Today is officially the worst day ever. You were thinking the same thing?! I know, right? It’s the first Monday after the manipulative time gods in the government decided to jack up my already f-ed sleep schedule for whatever reason. And yes, I feel personally targeted and yes, I am personally annoyed.
No, you’re being dramatic.
I, woman who has had my skull hacked open five times, have great perspective on the worst day ever, because I’ve lived it, and I have decided to firmly put today in that category because a) I can, b) I am so sleepy.
You see, there are a variety of calamities that befall you when you’ve had your body go through what mine has. I used to call them “brain tumor moments,” but now that I am not entirely sure what is growing in my head and how fast and how gross it is, I feel like they are just tiny calamities. They all pile up and by the end of the day I am an exhausted heap of a human being who has lived her whole life like Dick Van Dyke in the intro to his old TV show: All physical comedy, all the time.
I stretch too hard in the morning. Yea, you heard me right, that weird turtle coming out of his shell move we do in the morning renders me in writhing pain. Even the dog wonders why suddenly pillows and blankets are flying off the bed as I try to scrape fat and bone cement out of my ear. Then I wake up long enough to realize, “ut-oh! It’s just your head,” and I cool my jets.
I stand up too fast after eating, the head rush that befalls most people causes me to fly back into my chair, usually missing. Whoops! The first calamity of the day is usually met with a happy little “oopsy poopsy!” As though I am trying to make a tiny baby feel better about falling on their rear end. It hurts usually but I smile and laugh and talk about how maybe the fall will break down my cellulite upon landing. Seriously, is that a thing??
I go to put the dog on his leash, the forward motion causes a tiny amount of CSF to leak out. It drips into the dog’s eye. He looks at me in discomfort. “You’re welcome,” I say, ” it’s dry in Colorado, you can use the moisture.” By this point (usually about 9 am) I have lost the cutesy tootsy thing and it’s all blunt and straightforward, like an awkward comedian delivering a dry punch line. I wait for the laugh track. Dusty (the dog) looks at me like I am a total dick. “Takes one to know one,” I think to myself.
I go to drink the disgusting combination of healthy crap I force down my gullet and get dizzy mid-chug and spit it all out into the sink. The coughing and gagging causes my neck to seize up and my intercranial pressure to increase. I sit on the ground and scooch my way to the freezer for an ice pack. I sit on the ground waiting for the ice to numb my pain while Dusty smells my scar. I’ve gone from dry punch line lady to gigantic raging bitch, or alternately sometimes I opt for cry baby.
That’s usually just the morning. Then it happens all day, tiny calamity after tiny calamity that usually sends me into delirium by 3 pm. I do my best and I laugh it off and so it is fine, super awkward, but totally fine.

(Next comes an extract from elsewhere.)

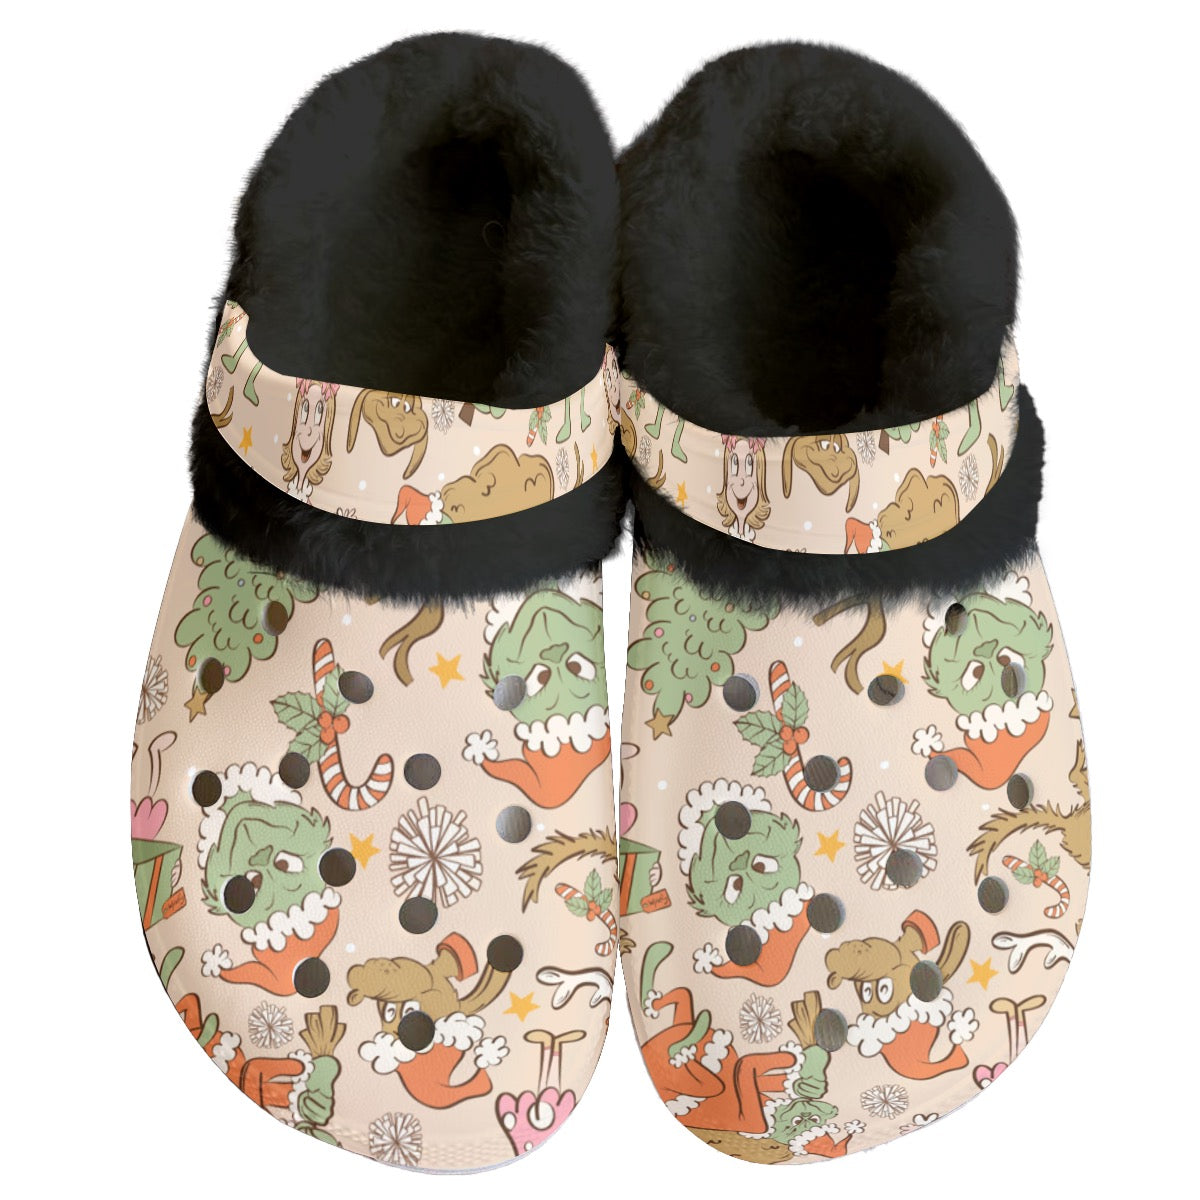 Green man, Cindy, & Max fluffy clogs PRE ORDER (14-18 Business day turnaround time.)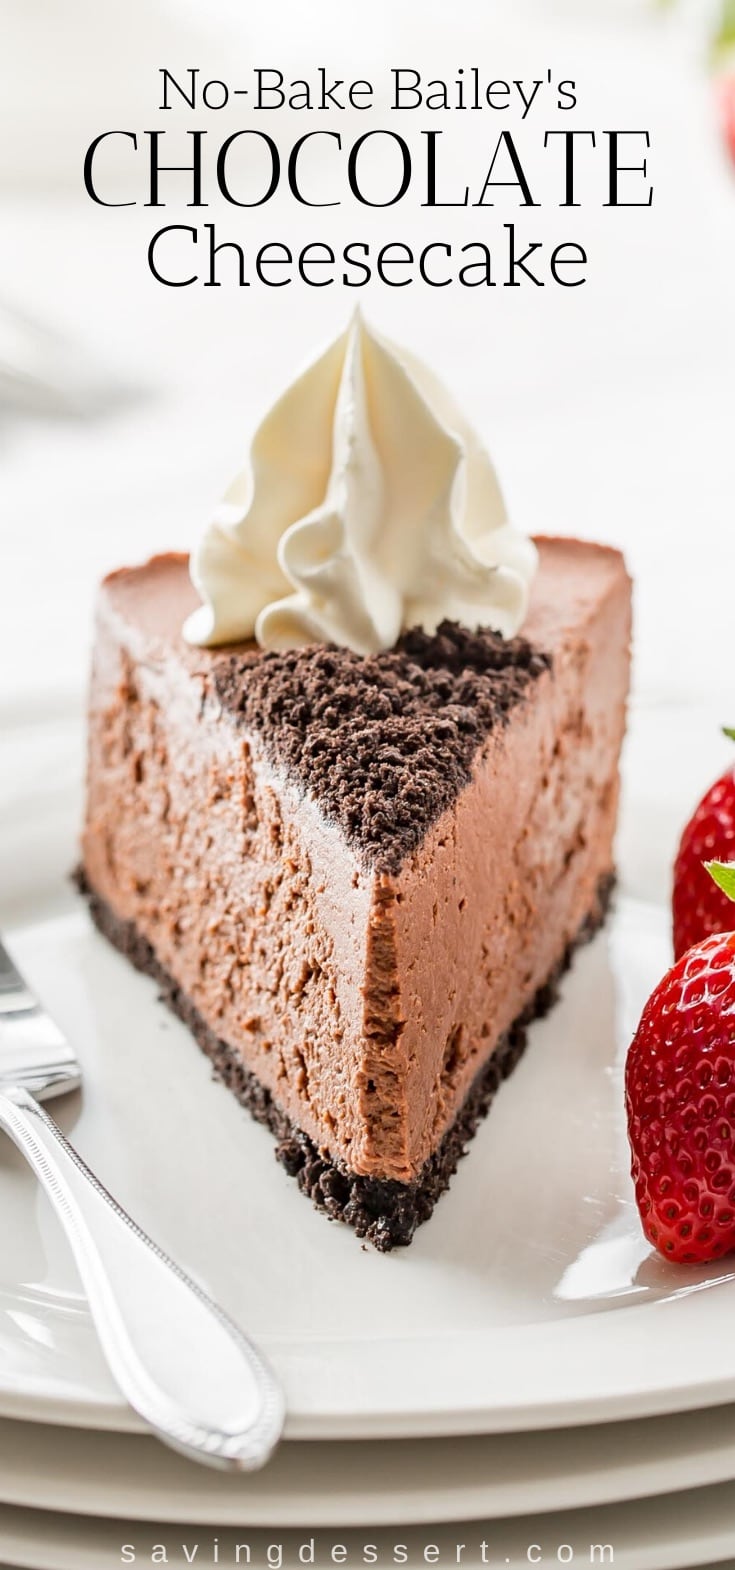 A slice of chocolate cheesecake topped with whipped cream

That awkwardness? It’s my invisible marker of ability lost. It’s my battle cry no one hears, because health is a solitary battle. Last night while perusing Facebook, I saw an article about Invisible Disability, it began to touch on notions of coming out as disabled or passing as abled. It struck me because I don’t have to come out as anything and I don’t have to pass as anything (I’ve got a lot of great material on this from feminist disability studies and crip theory if you’re so inclined), because while I don’t fit the map of ability we all are told we need to navigate, I am uniquely me, and I don’t feel that at this point that needs to be changed or fixed, though in naming the invisible parts of myself, the reasons behind those silly calamities, I gain a great amount of power.
But then, alas, someone conspires to take the time it should be and make it into a time it isn’t yet by deciding a good chunk of the country needs to be in an arbitrary time machine and I wake up tired, and a little perturbed and not quite ready to face all the calamities that will befall me. So, while most days my morning calamities start with “whoopsy daisies” and “aw shuckses,” today I fully expect a lot of f-bombs.
I’ll probably be happier about it when it’s not dark at 3 pm and I can actually stay awake past 4.
Peace and love and day dreams of naps,
‘spring ahead’…the bane of my existence.